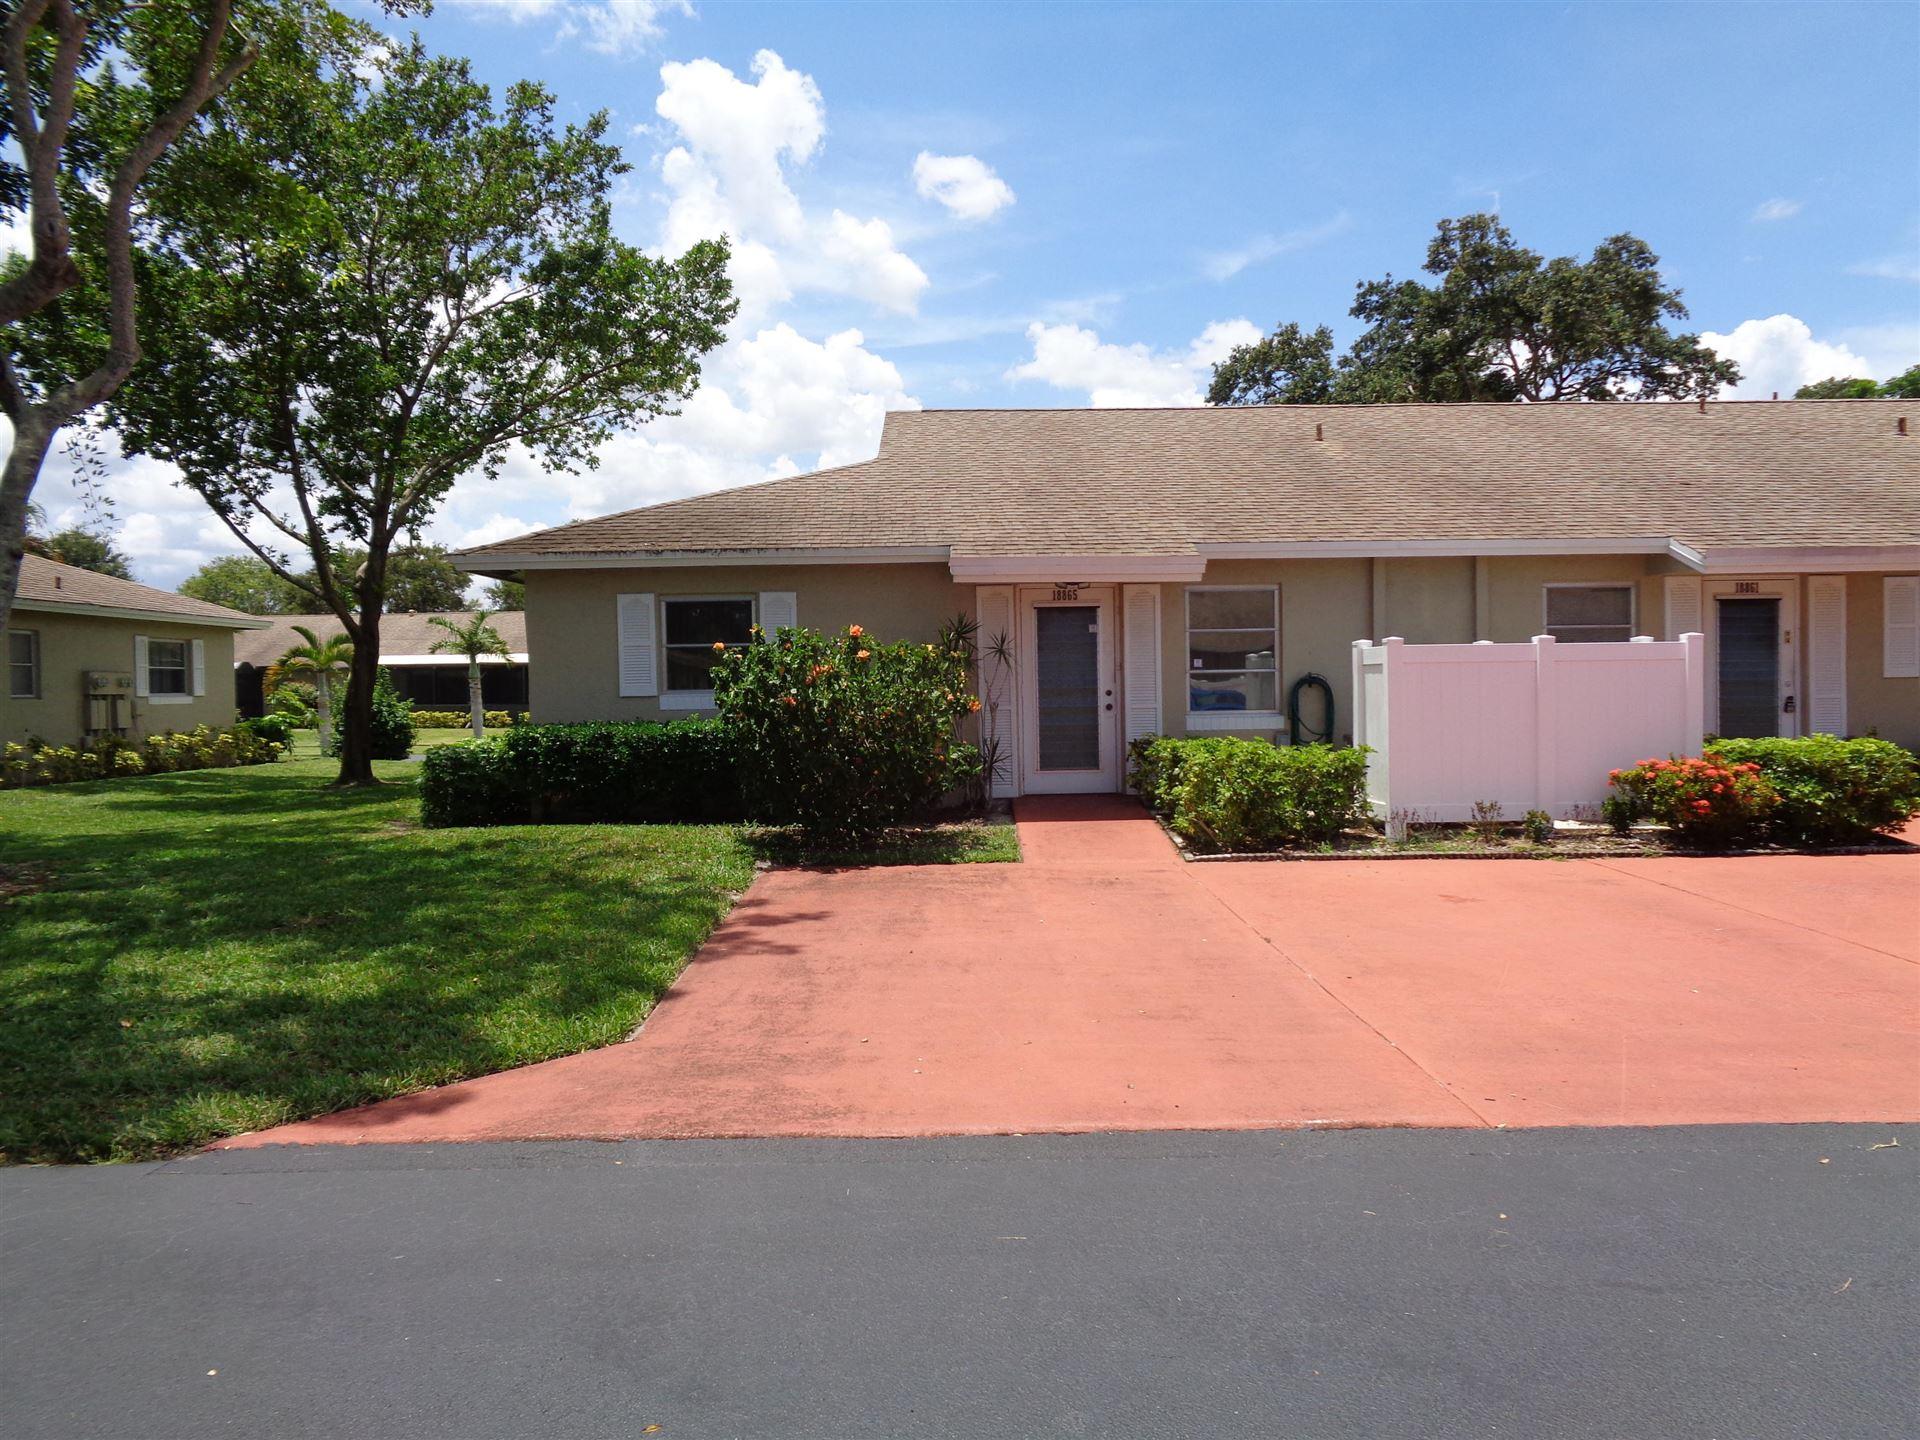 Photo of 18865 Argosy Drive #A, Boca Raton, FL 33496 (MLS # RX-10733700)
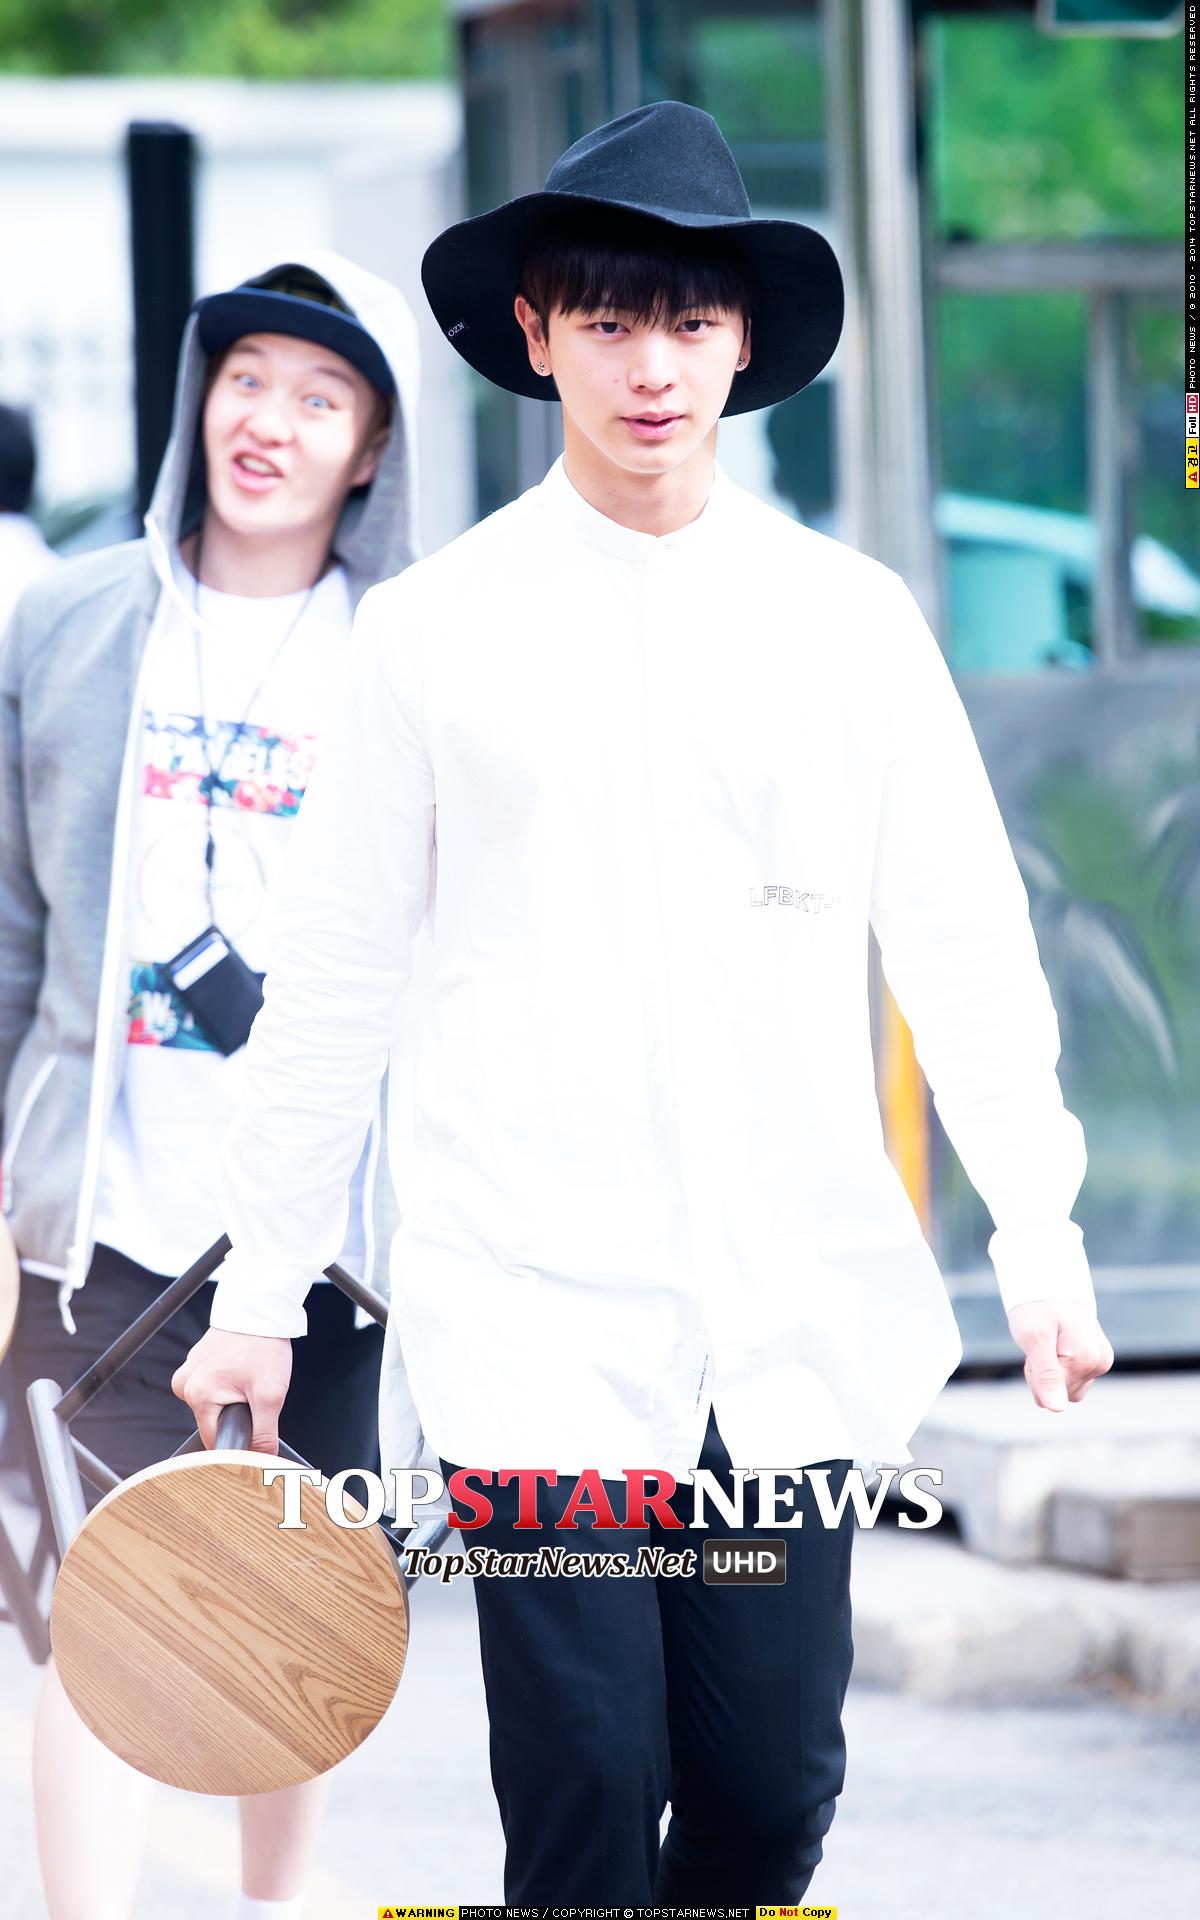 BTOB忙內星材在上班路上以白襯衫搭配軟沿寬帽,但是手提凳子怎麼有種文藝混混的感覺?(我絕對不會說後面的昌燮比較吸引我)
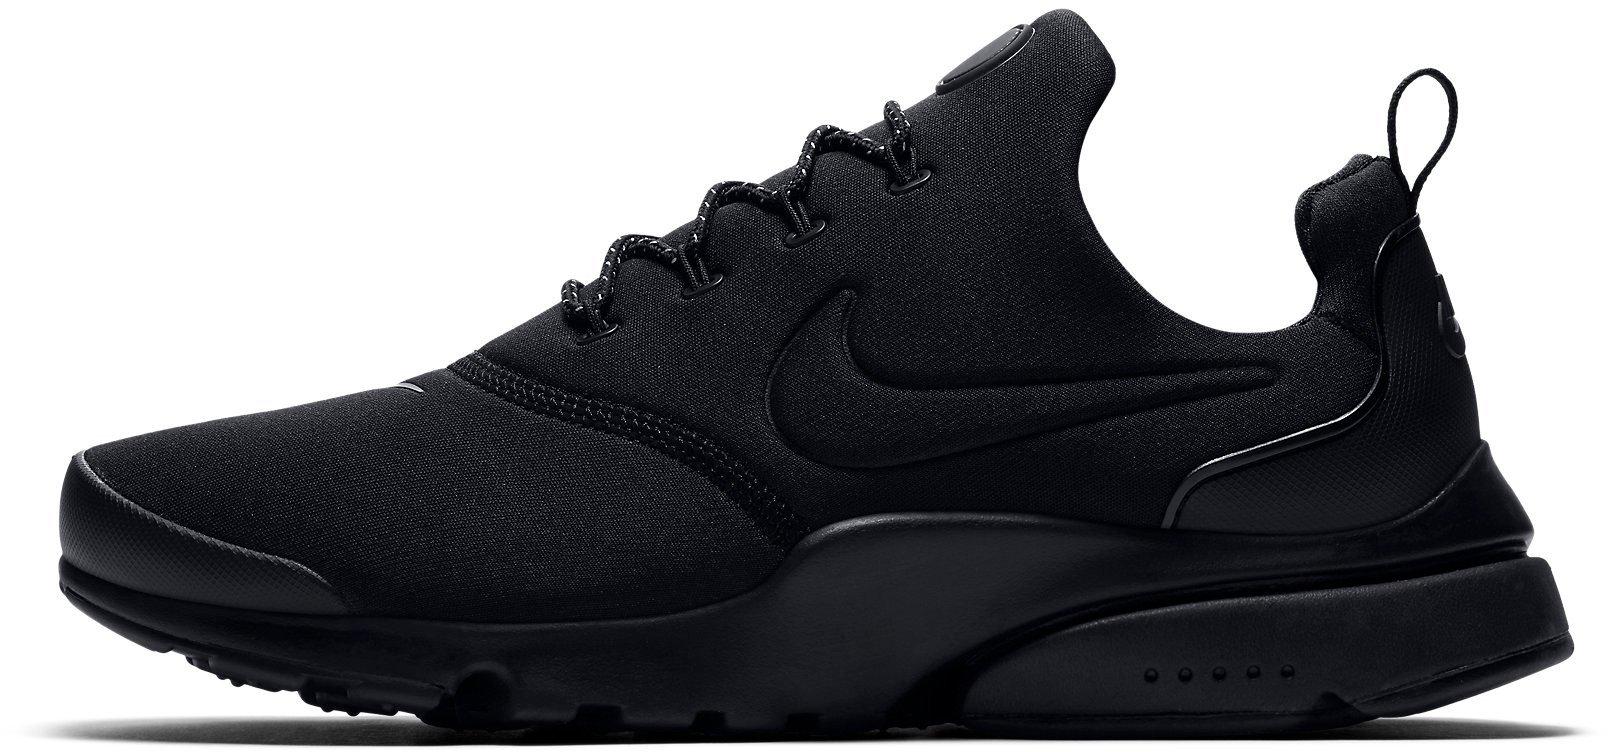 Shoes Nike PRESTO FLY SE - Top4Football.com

• • • • • • •

REQUIRED WORK: Would you copy out the material above exactly, without the pictures in it?

RESPONSE AREA:
 Photo of 18865 Argosy Drive #A, Boca Raton, FL 33496 (MLS # RX-10733700)
 BTOB忙內星材在上班路上以白襯衫搭配軟沿寬帽,但是手提凳子怎麼有種文藝混混的感覺?(我絕對不會說後面的昌燮比較吸引我)
 Shoes Nike PRESTO FLY SE - Top4Football.com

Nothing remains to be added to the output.